During the 2005 season, teams started to abandon the chassis (in favor of the Dallara) as it became increasingly unstable in traffic at Indy. By 2006, Rahal Letterman Racing was the only team fielding the chassis full-time. The lack of use in turn caused Élan/Panoz to cease development and support. Focus shifted to their DP01 program in Champ Car, further rendering the GF09 uncompetitive. A Panoz G-Force last competed in an IndyCar race in 2007 with Playa Del Racing's two entries and Chastain Motorsports' single car. American Dream Motorsports entered a Panoz in the 2008 Indy 500 for Phil Giebler, but he crashed in practice. In December 2008, Panoz announced the discontinuation of their IndyCar Series program due to Panoz's concentration on sports car racing in 2008 beyond and also several IndyCar Series teams opting for Dallara IR5 chassis.

=====Specifications=====
- Chassis: Carbon-fiber monocoque
- Roll hoop shape: Triangle
- Length: 192 in
- Height: 37.5 in excluding roll hoop or camera mount
- Width: 77.5 to 78.5 in measured outside rim to rim
- Gearbox: Xtrac #295 (gears forward of rear axle) manual sequential 6-speed gearbox operated via gear lever in the right hand of cockpit
- Suspension: Pushrod with multilink
- Engine: Honda Indy V8, 3498 cc, normally aspirated
- Fuel: Ethanol
- Tires: Firestone Firehawk
Élan NP01

Élan's latest race car is a prototype-style, tube-frame car designed for the 2016 National Auto Sport Association (NASA) Prototype series. It features a four-cylinder Mazda MZR engine mated to a six-speed sequential gearbox.

====Champ Car DP01====
The Panoz DP01 was Élan's most recent foray into major open wheel racing and the first designed and built by Élan. The DP01 was the sole chassis used for the Champ Car World Series in the 2007 season and the 2008 Long Beach Grand Prix.

====Superleague DP09====
The Panoz DP09 was constructed for the inaugural season of the Superleague Formula. Panoz, under the Élan Motorsports banner, produced all the cars for this racing series. The car weighed 675 kg and used a 750 bhp engine built by Menard Competition Technologies.

===Van Diemen===

Élan acquired the Van Diemen company in 1999. Van Diemen produced cars for Formula Ford championships around the globe. British race team Fluid Motorsport have taken over the former Snetterton Circuit in Norfolk, United Kingdom where they offer a parts and certification service for historic Van Diemen designs as well as compete in the British Formula Ford Championship.
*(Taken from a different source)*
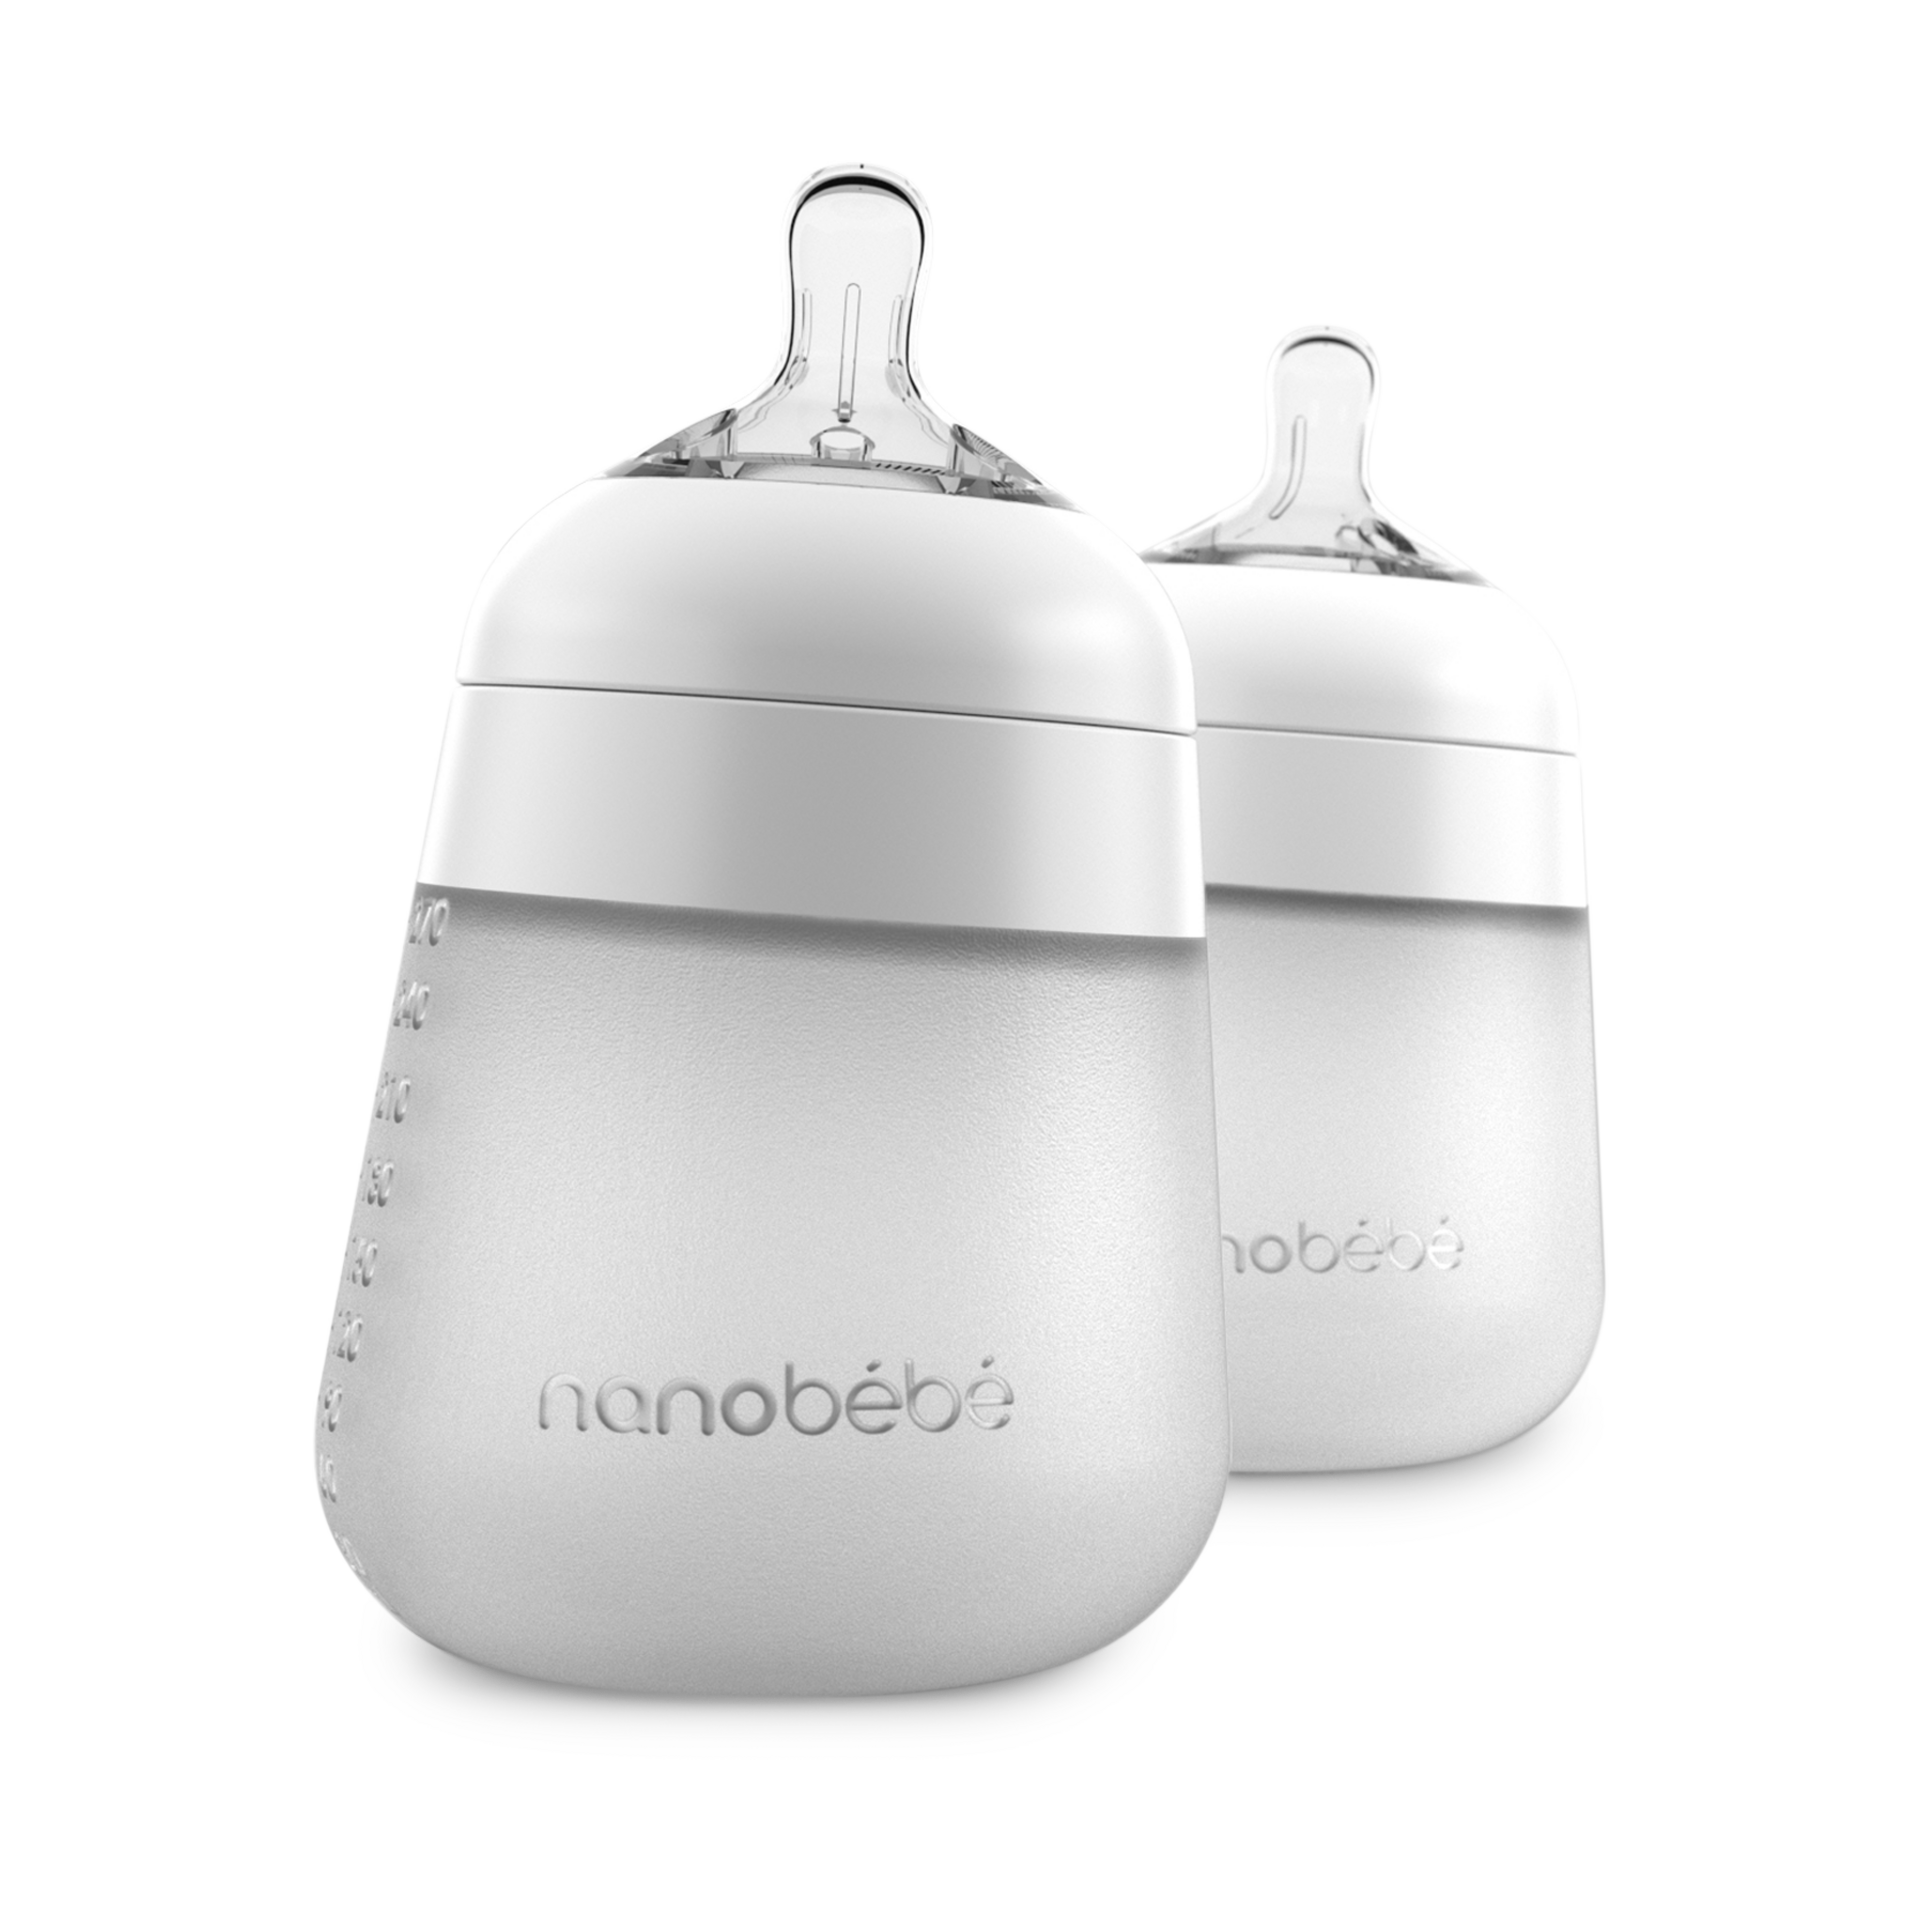 nanobebe bottles

Van Diemen's Formula Ford designs were optimized for American Formula 1000, Formula Continental and F2000 racing, with the Élan Van Diemen DP04, DP06 and DP08 designs. Van Diemen, once the largest manufacturer of bespoke racing cars in the world through its dominance of Formula Ford, now no longer produces cars for the market.

An Élan/Van Diemen chassis with a spec wing package has been the specified chassis for the U.S. F2000 National Championship since its revival in 2010. It was replaced by a new chassis produced by Tatuus in 2017.